The second witness in this session was María Eugenia Guzmán de Antequera, the widow of José de Jesús Antequera Antequera. As she explained, her husband was a lawyer, a student leader, Secretary General of the Communist Youth group and a founder of the UP. He served the UP as coordinator of public relations. In other words, he was in charge of managing the communications with other political groups, with other entities, with the Church, etc. In addition, they assigned him an essential task: coordinating the election campaign once the Party became official and a campaign had to be organized. In fact, at the moment he was assassinated, March 3, 1989, he was in charge of coordinating the second campaign in the 1990 elections.
“What I’m going to describe and what it cost us as people or as a family, was the same thing that happened to more than 3,000 people that were murdered selectively during the existence of the UP. From the moment the UP was formed, once the election campaign started, what started for us as victims was a very organized, selective killing spree, practically a list of people they were killing every day, just for belonging to the UP. Of course this event and our connection with the movement was terrifying because we were constantly attending funerals and physically seeing our people’s pain, on the television and on the radio,” she said.
María Eugenia Guzmán admitted that they were certain that their names were on “the list”, until the day finally came, at El Dorado airport, at 3:45 in the afternoon. Her husband was murdered by machine gun fire, in spite of the fact that he was protected by bodyguards employed by the DAS[1]. She said that it was so obvious what was going to happen to them; in the morning of the day of the murder, Antequera had complained in a nationally circulated magazine, with names and surnames, that 720 people had already been murdered. When the magazine came out, José Antequera would be killing no. 721.

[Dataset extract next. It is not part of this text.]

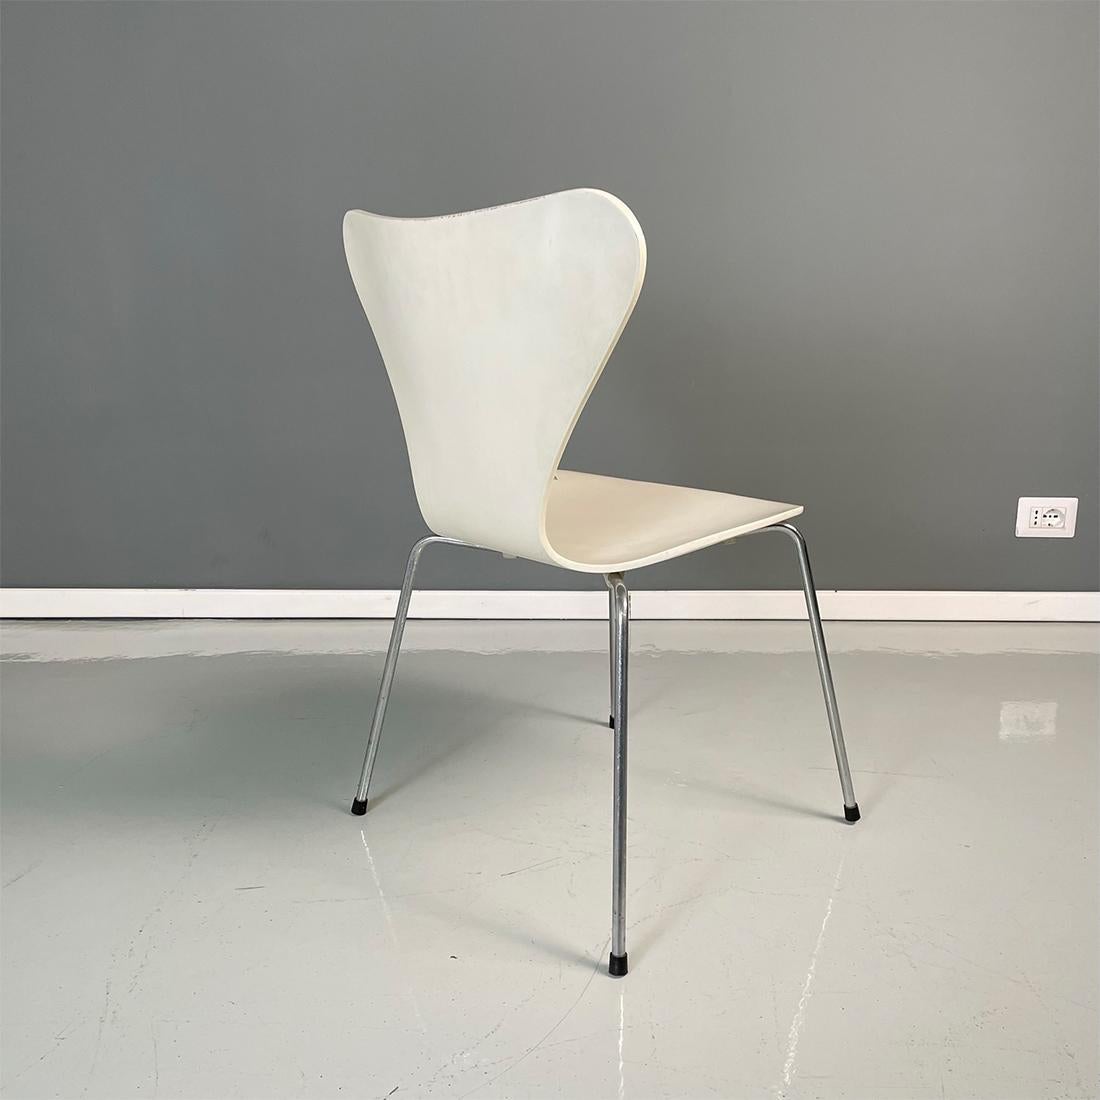 Danish Modern White Chairs of Series 7 by Arne Jacobsen for Fritz Hansen, 1970s For Sale 7
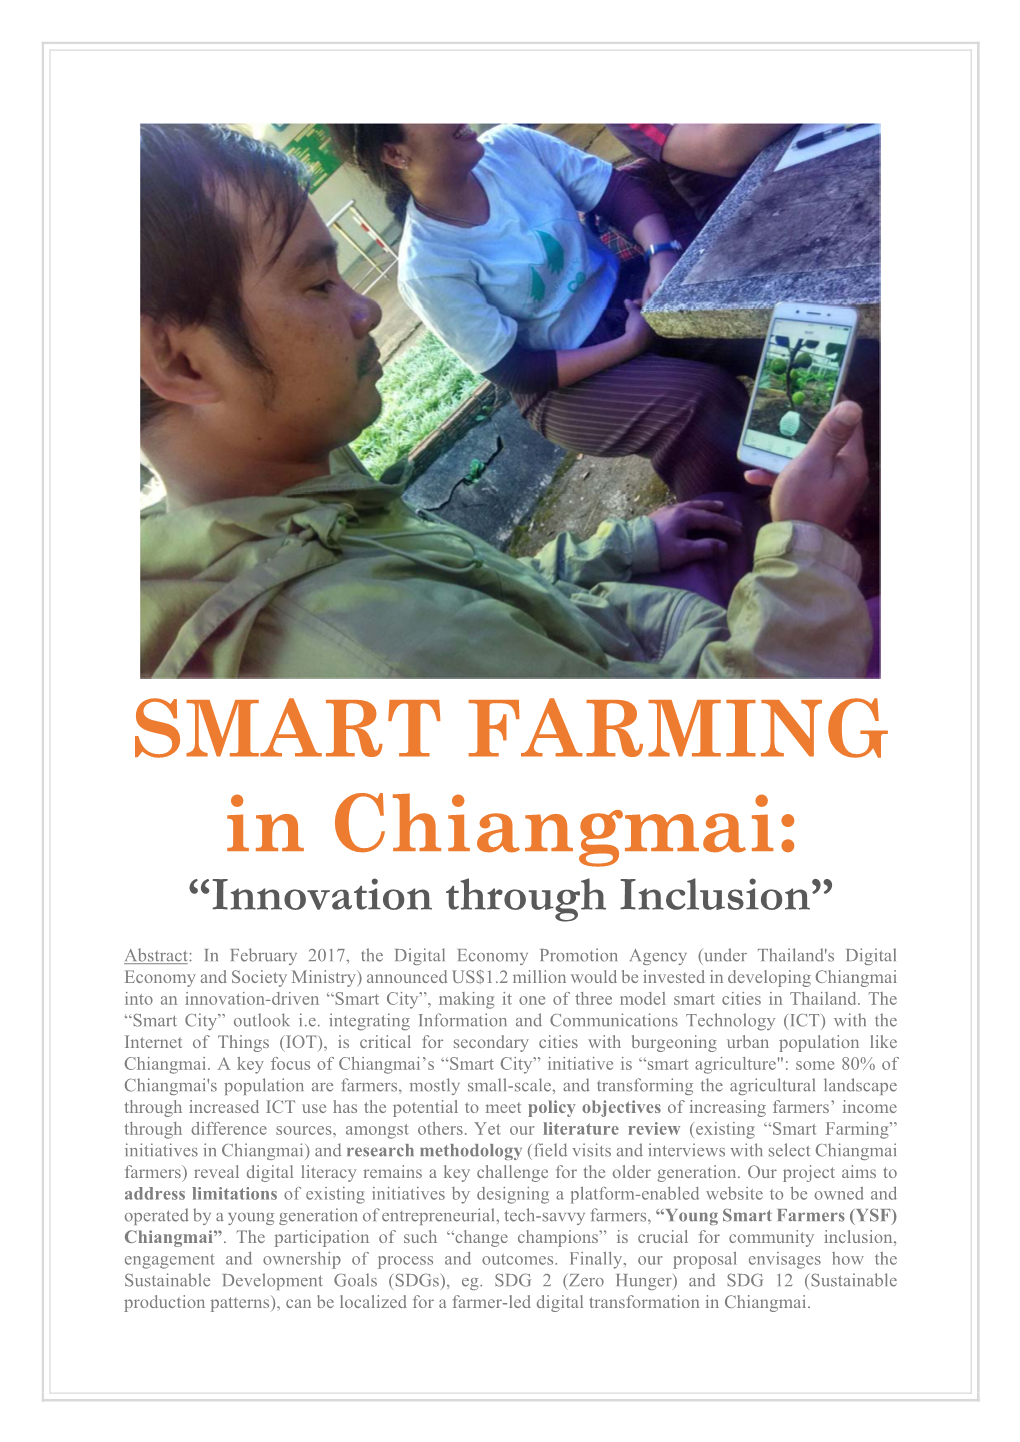 SMART FARMING in Chiangmai: “Innovation Through Inclusion”

“Those threats reached us as a family and they were constant. Messages (condolences) arrived at our house, expressions of sympathy that are sent in Colombia when someone has died. We received wreaths of flowers that people send to funerals, they painted our front door with a black cross, they put a bomb in the building where we were living, and they also placed a bomb in his (her husband’s) office, and a person was killed. All of that happened before José was assassinated. There were too many threats, too many terrors suffered by our children for the simple fact that there were bodyguards at our front door, DAS agents who had to stay there day and night. It concentrated the fear into our souls, and was an intrinsic part of our daily lives,” she said.
This is how the first day ended of the four days in which the IDH Court will hear the victims and put together the necessary materials to make a thoroughgoing decision in a case that has been under the shadow of uncertainly and legal controversy for nearly three decades.
[1] Colombia’s Administrative Department of Security, abolished in 2011.